→ **TASK DESCRIPTION**
A precise copy of the data is required, with every picture left out.

→ **INFORMATION SUPPLIED**
------------------------------------------------------------
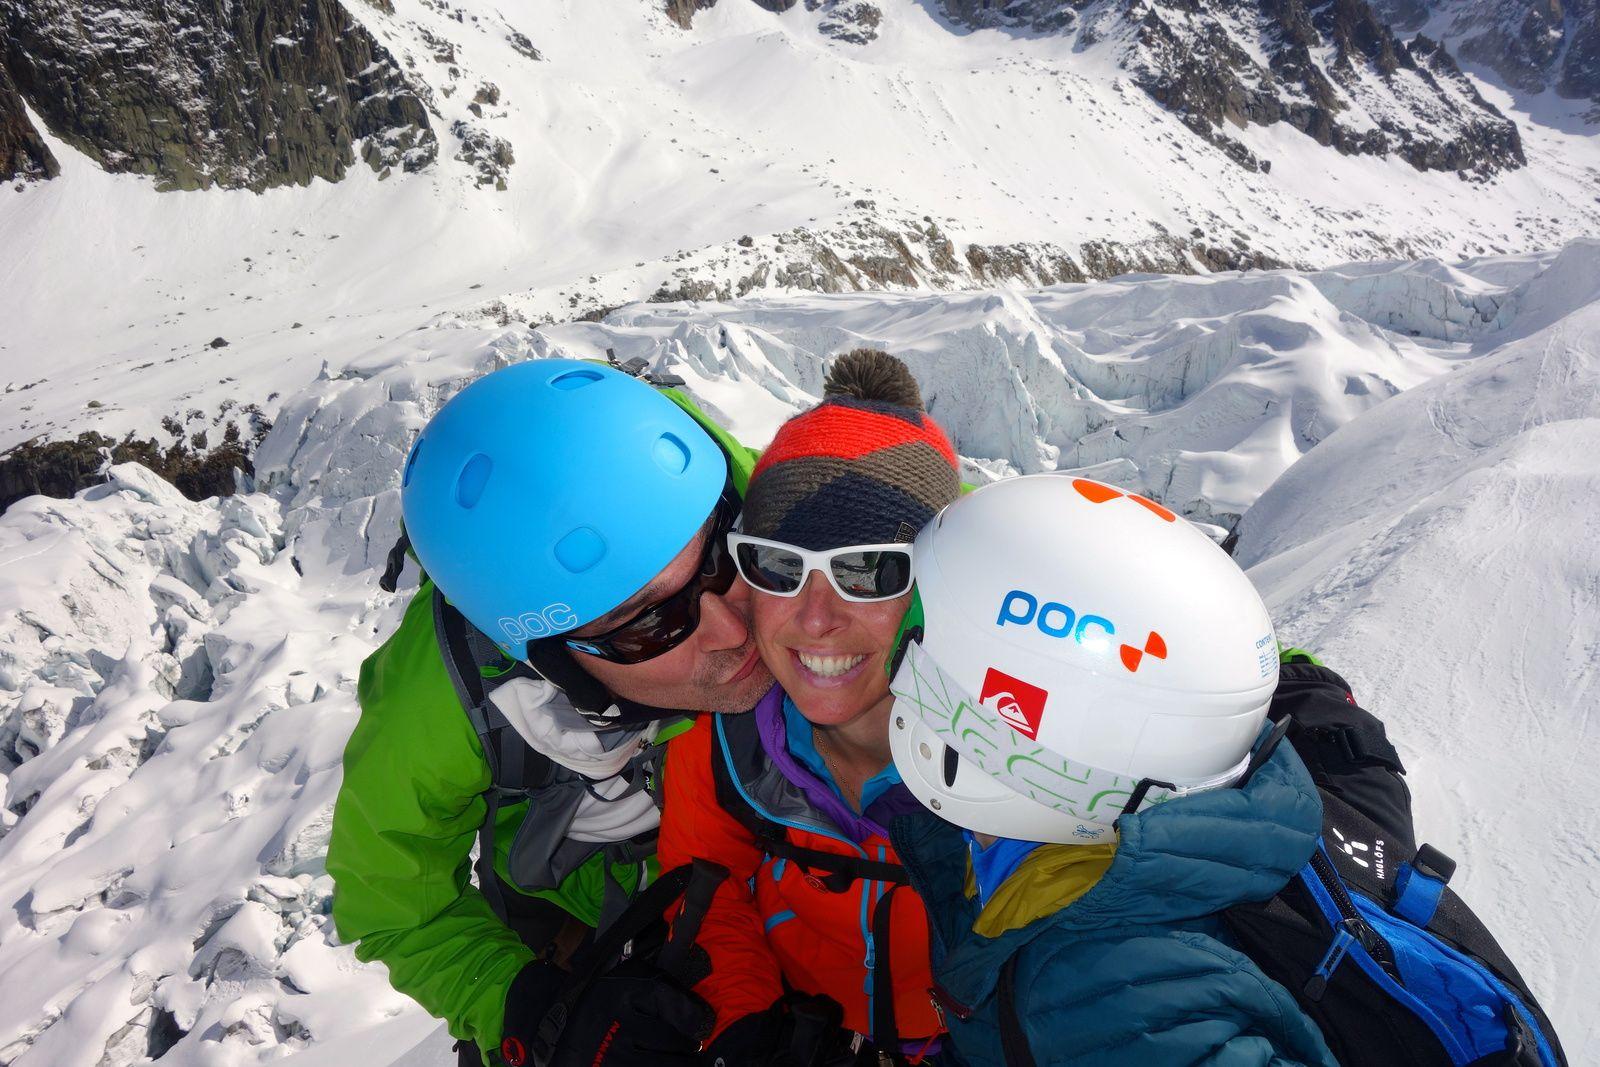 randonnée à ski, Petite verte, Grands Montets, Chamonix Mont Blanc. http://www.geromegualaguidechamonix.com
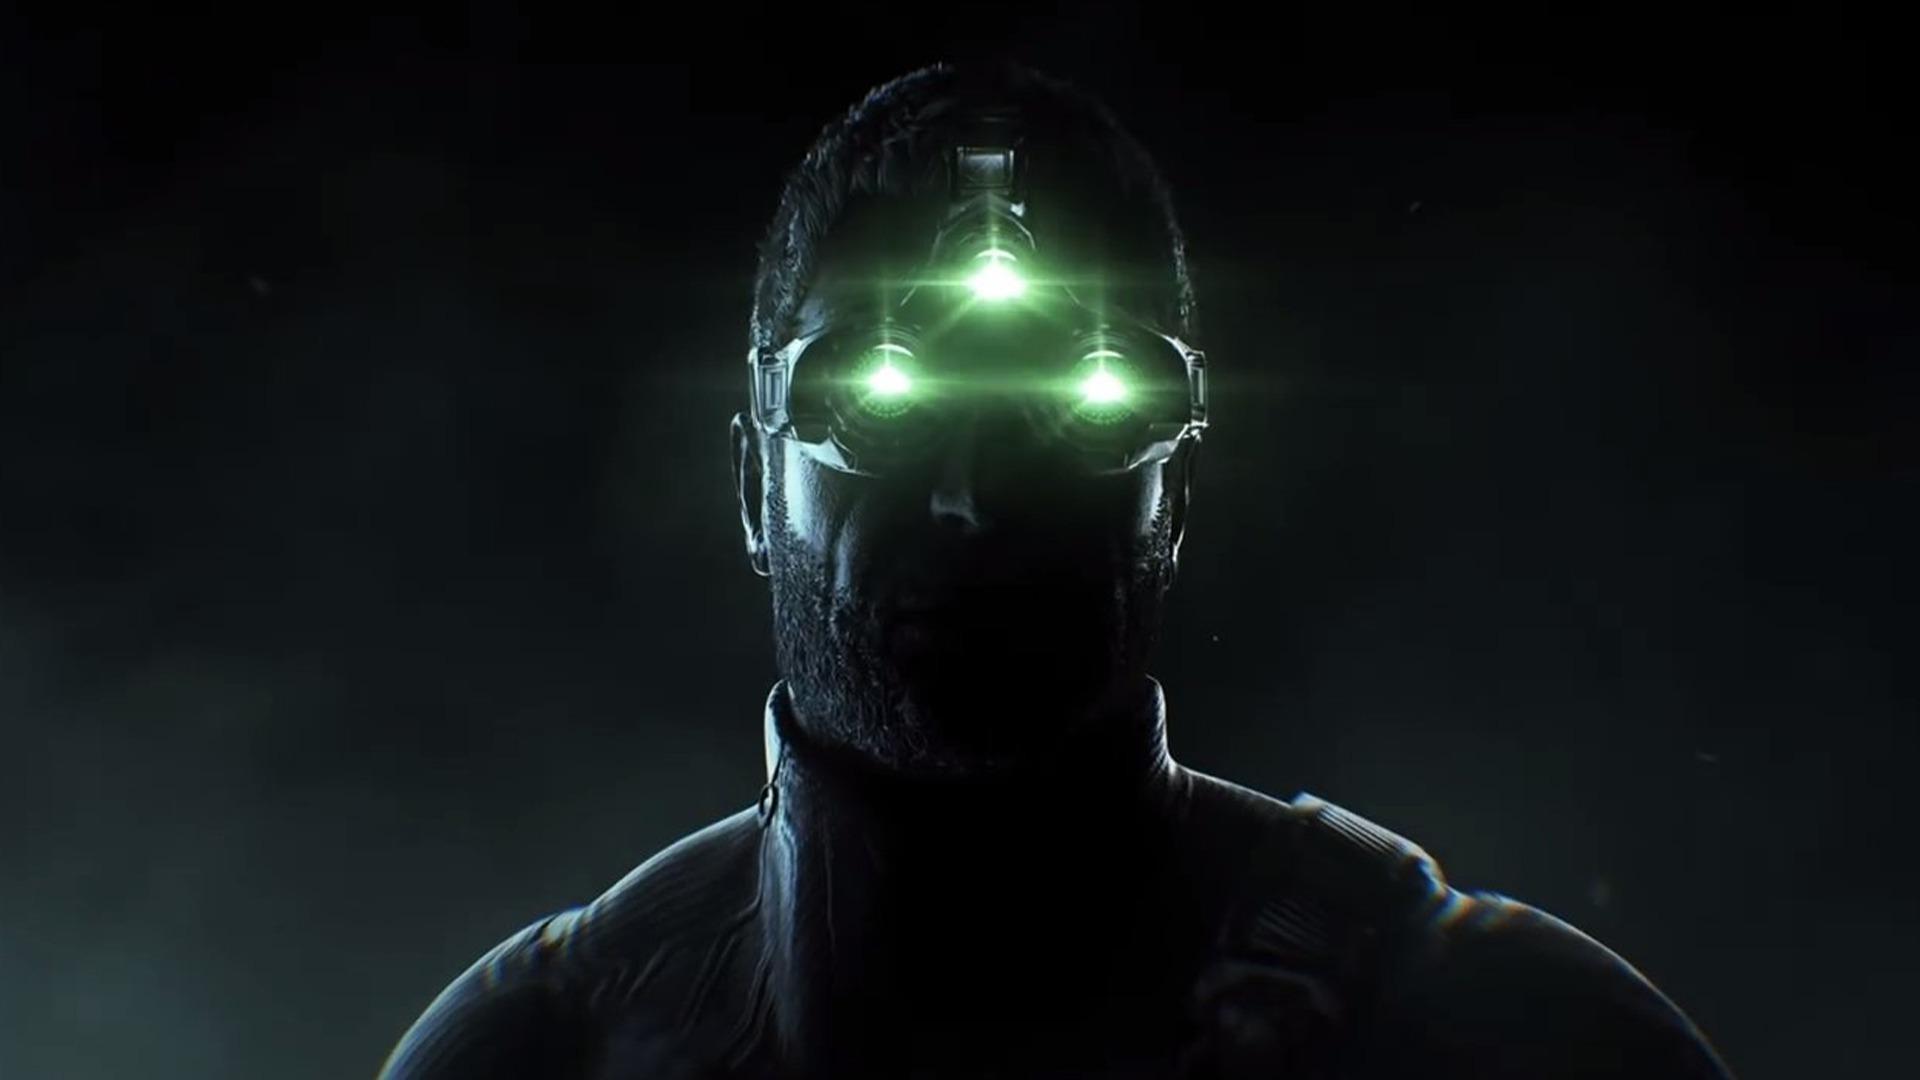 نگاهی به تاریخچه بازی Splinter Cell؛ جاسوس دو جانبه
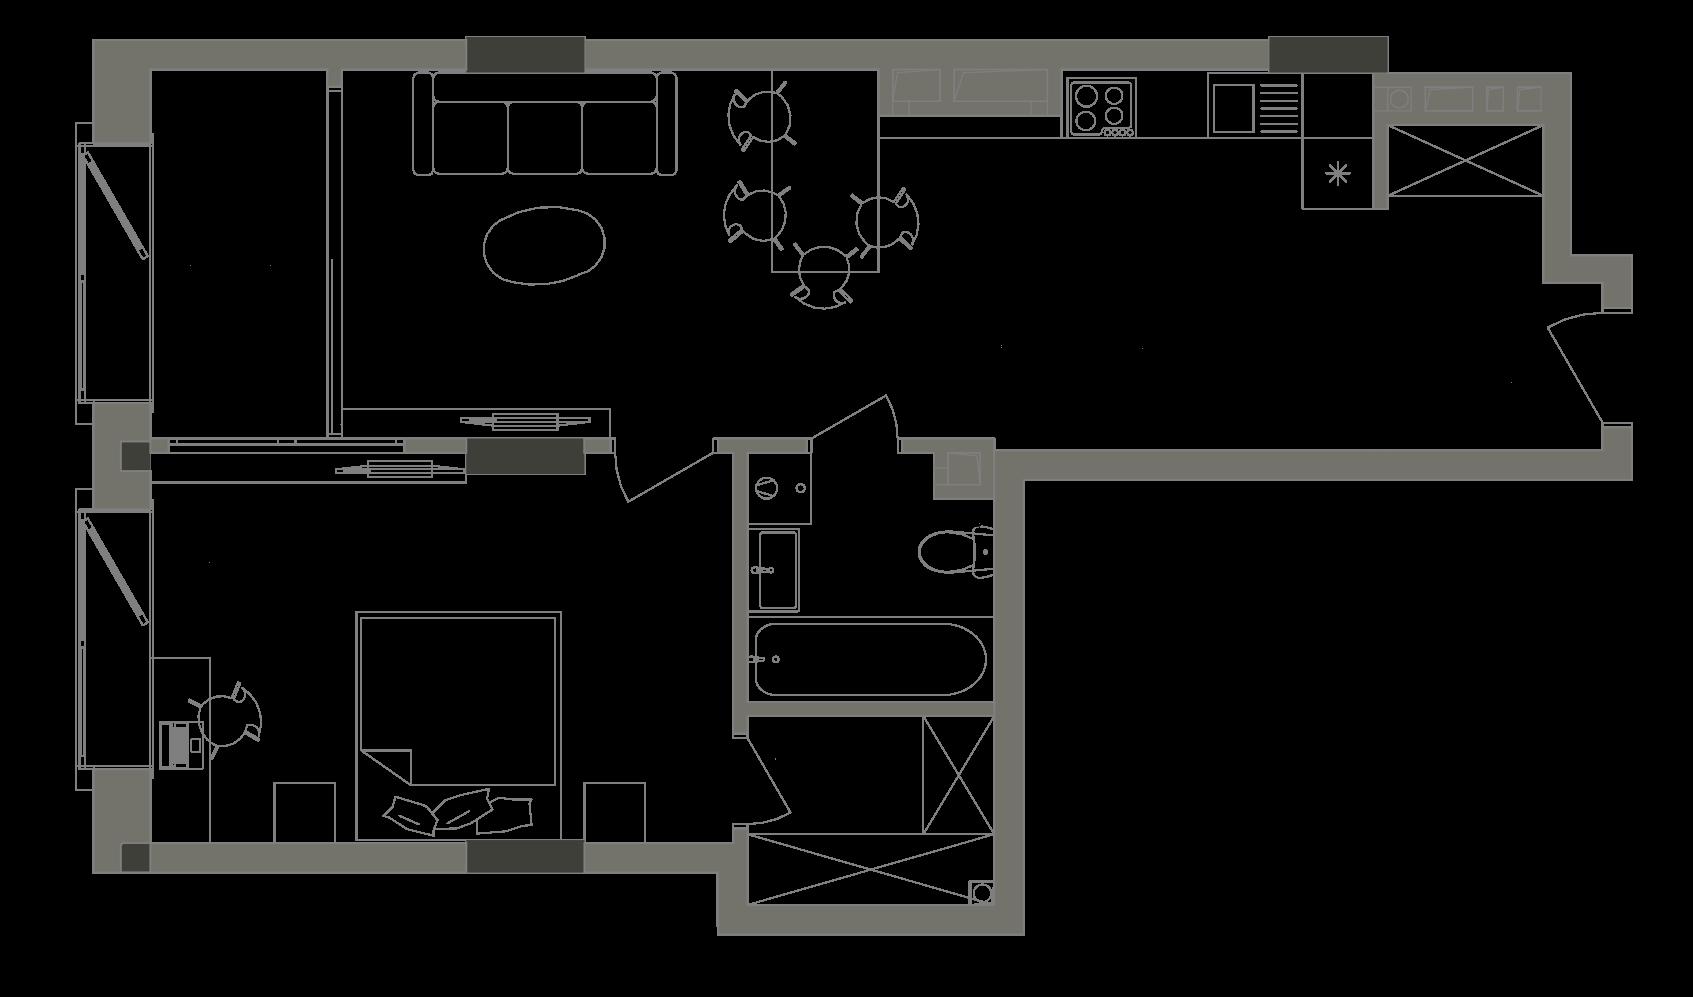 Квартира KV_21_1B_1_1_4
------------------------------------------------------------
→ **TASK RESULT**
 randonnée à ski, Petite verte, Grands Montets, Chamonix Mont Blanc. http://www.geromegualaguidechamonix.com
 نگاهی به تاریخچه بازی Splinter Cell؛ جاسوس دو جانبه
 Квартира KV_21_1B_1_1_4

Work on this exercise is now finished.